Dwa światy...

Bardzo Ważni Goście

niedziela, 29 czerwca 2014

O zwiedzaniu "cywilizacji", czyli wizyta w Sion...

     Jeden z moich Czytaczy zapytał w mailu, jak to możliwe, żeby droga ot tak była zamknięta...
No cóż...
     Nam też się to na początku w głowach nie mieściło, ale z czasem zauważyliśmy, iż owo zjawisko jest nagminne i bardzo pożyteczne...
Mimo wszystko...
A przede wszystkim, Mieszkańcy się do owych zakazów stosują...
     Jak to wygląda ??
Tak...

Jakby co, to wiemy gdzie ten Pan schował klucz od kłódki...;o)
     Na szlakach turystycznych są takie same szlabany...I to w obu kierunkach...
     Ale wracajmy do podziwiania Szwajcarii...
     Ze "świstaczej dziczy" udaliśmy się do Sion...
Francuskojęzyczne Miasteczko w dolinie Rodanu, będące stolicą kantonu Valais...
Czyli tym razem będzie cywilizacja...
     Zwiedzanie rozpoczęliśmy oczywiście, od dogłębnej analizy mapy...

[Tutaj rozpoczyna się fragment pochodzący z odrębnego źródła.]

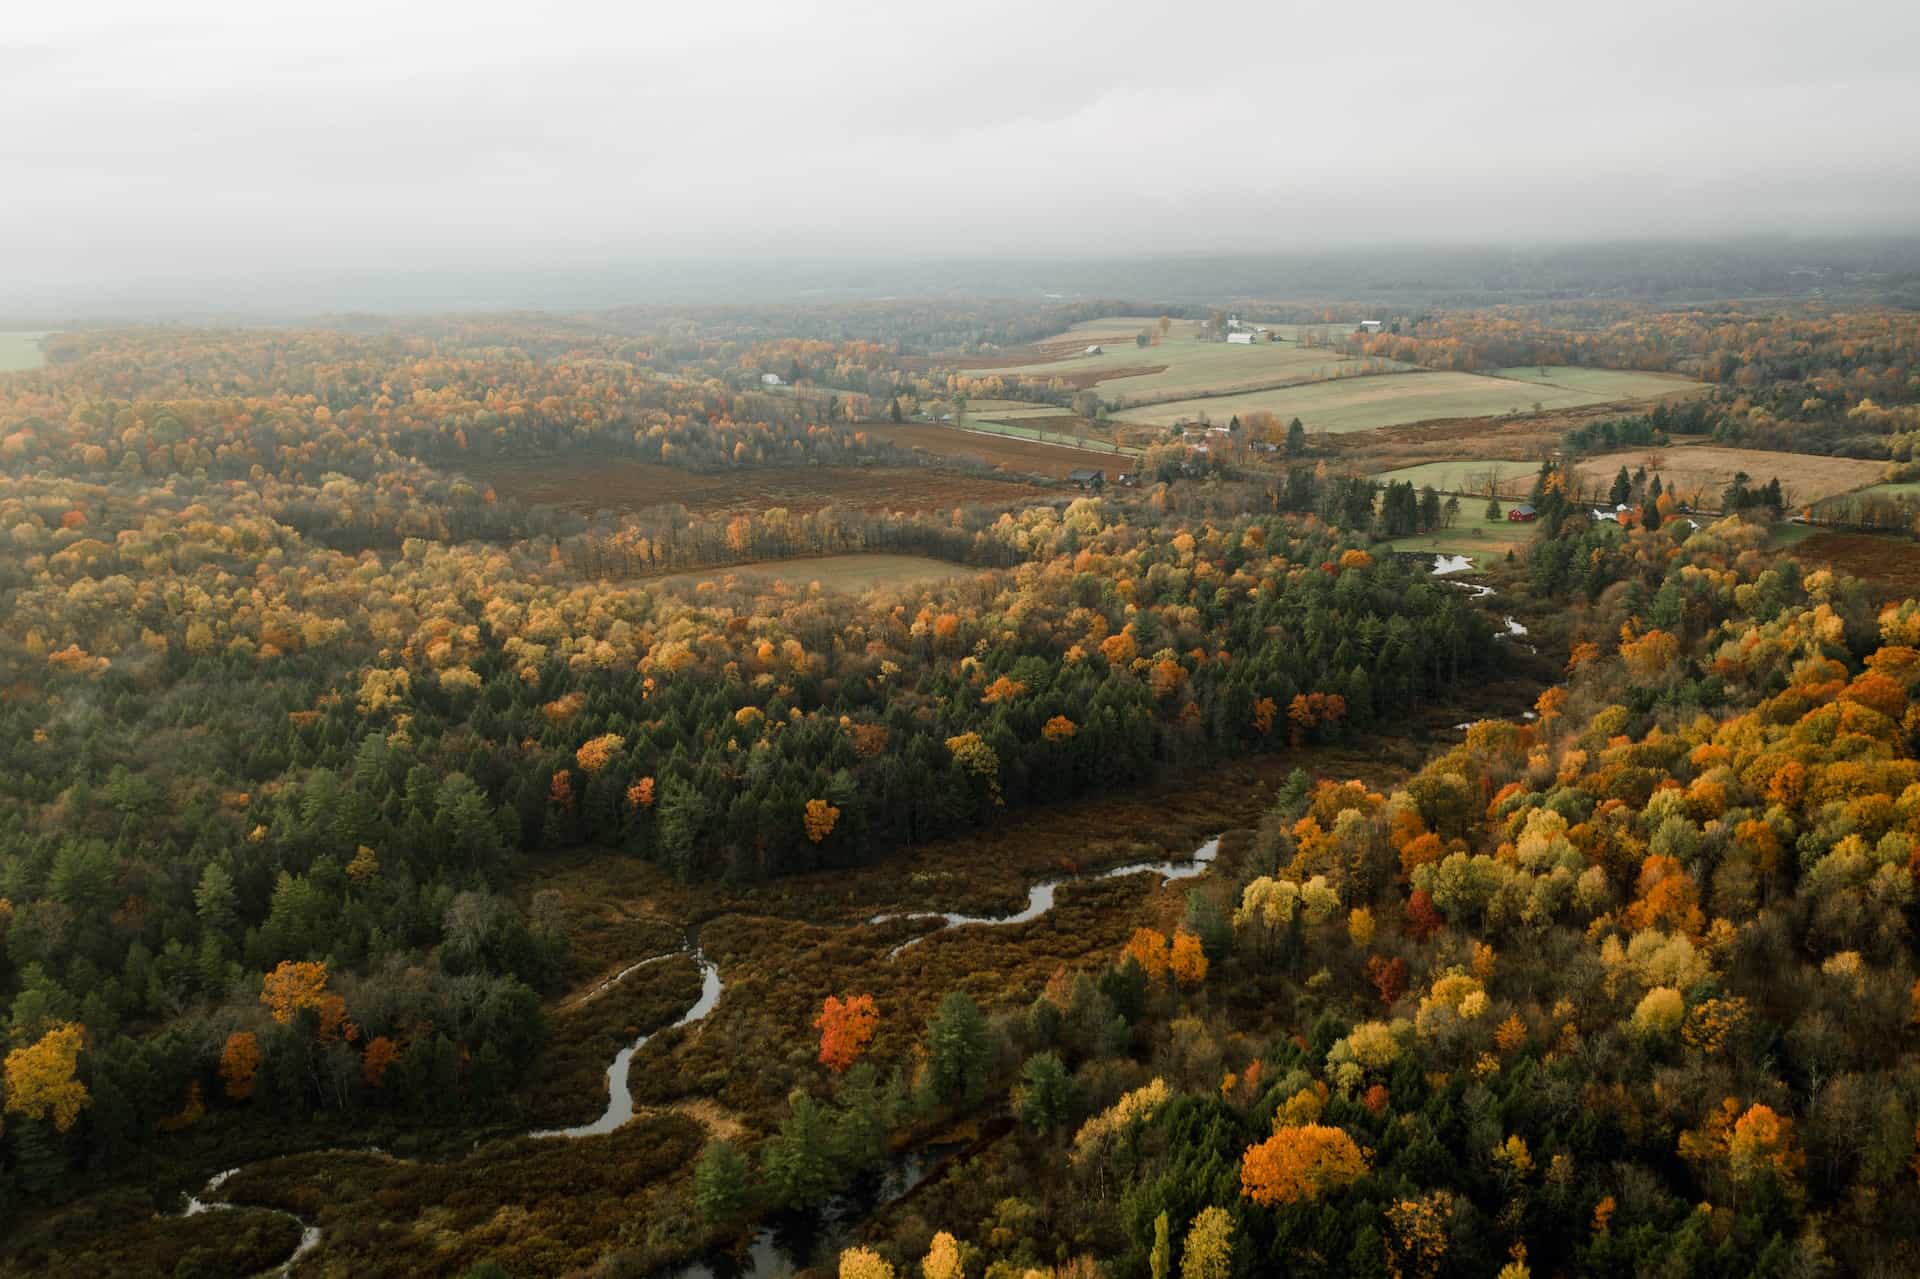 Pemandangan lanskap pedesaan di negara bagian AS Pennsylvania selama musim gugur, menampilkan hutan yang luas, sungai kecil, dan lahan pertanian.

     A kiedy już przeanalizowaliśmy ją w całości i detalach, poczłapaliśmy w "dyrdy" do punktu informacji turystycznej, bo się okazało, że mapa i owszem, ładna, tyle, że opisy sporządzono w dwóch, całkiem obcych nam językach...
     Nasz widok w punkcie informacyjnym wywołał, przyznać muszę, sporą konsternację...
     Takich tłumów (cztery osoby) to Oni chyba "przed sezonem" nie widzieli...
     Pani Informatorka skrupulatnie wszystko wyłożyła, mapki nam wręczyła i spojrzała na nasze nogi...
     - Buty macie dobre !! - oświadczyła entuzjastycznie, co utwierdziło nas jedynie w przekonaniu, że i tutaj zdarzają się Turyści "na szpileczkach"...
     Grzecznie podziękowaliśmy za wskazówki, żeby obciachu Narodowi nie przynosić, i ruszyliśmy dziarskim krokiem na zwiedzanie "cywilizacji"...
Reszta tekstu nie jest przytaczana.